Hi all,
I am looking into the netparameter dumped for lenet, as well as the lenet.prototxt available in the examples. And I got questions on how one maps the proto to actual construction (or connections) of the network, at the 2nd convolutional layer. Specifically,
1. I understand the first convolution and pooling layer. Starting with a 28*28 input image, we first build 20 feature maps, each of size 24*24, using 20 kernels of 5*5. In other words, for each of the 20 feature maps, all the units in that feature map share a kernel of 5*5 weights and 1 bias. Then we do pooling of 2*2 (stride 2), and so we get 20 feature maps, each of size 12*12. This matches what I got from the dumped parameters, the first blob of conv1 has parameters 20*1*5*5.
2. My question comes when looking at the second conv layer, where the dimension becomes 50*20*5*5 (this indicates that there should be 50*20 kernels, each of size 5*5). Conv2 says that the output number is 50. I understand this as that there should be 50 feature maps. But how does these 50 feature maps connect to the 20 input 12*12 input feature maps? One way I guess is that for each i of the 50 feature maps, and each j of the input feature maps, we have a kernel of size 5*5 (shared).

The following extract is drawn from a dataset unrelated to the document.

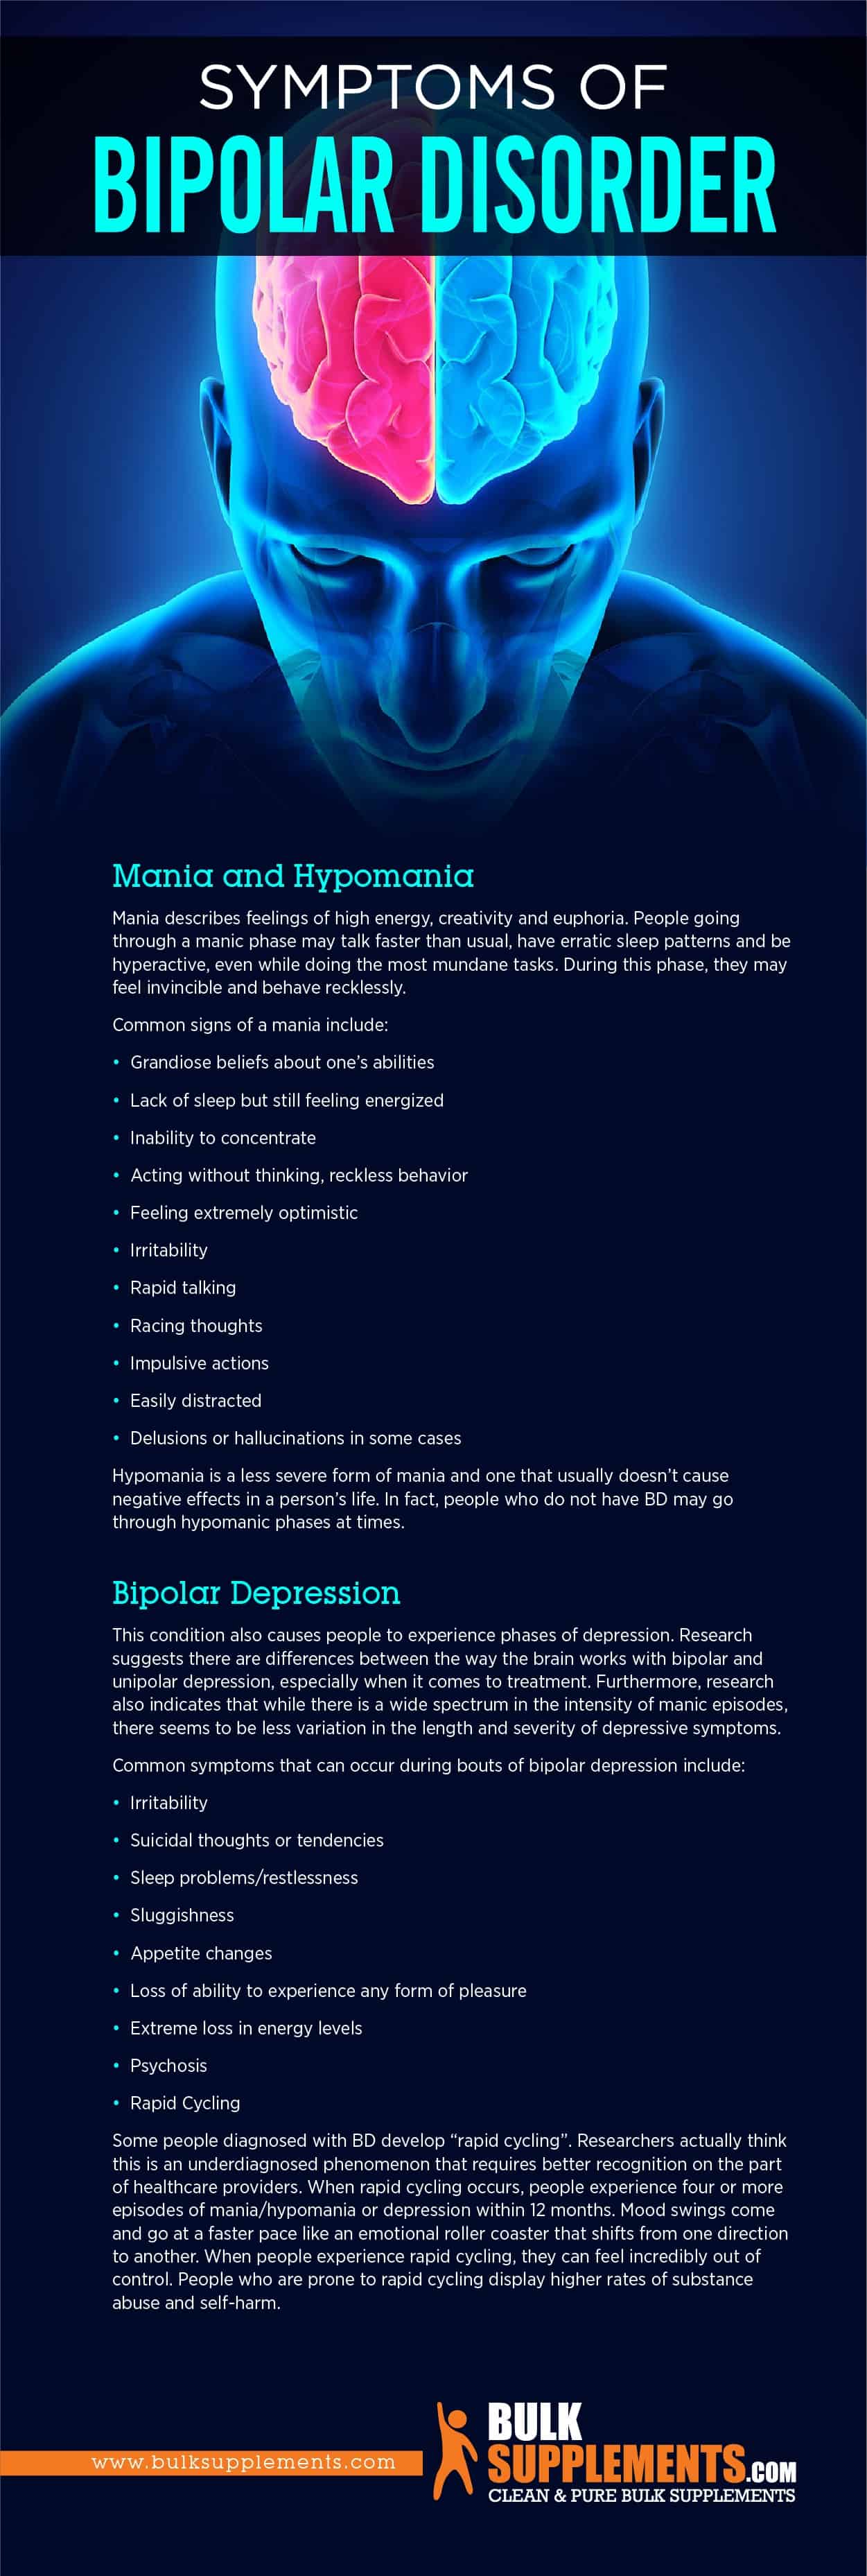 Symptoms of Bipolar Disorder

If this is the case, it means that for example, for the first neuron of the first output feature map, there are 20 kernels connect to it (this neuron acutally connects with *every* 5*5 neighborhood through a shared kernel). This does give the parameters shown up in the dumped proto: there are 50 * 20 * 5 * 5 kernel weight parameters. However, it does not explain why there is only 50 bias parameters..
3. From the above two points, it seems that caffe is assuming some implicit way to construct, or connect the neurons. What is this implicit way? Is it explicitly stated somewhere?
Best.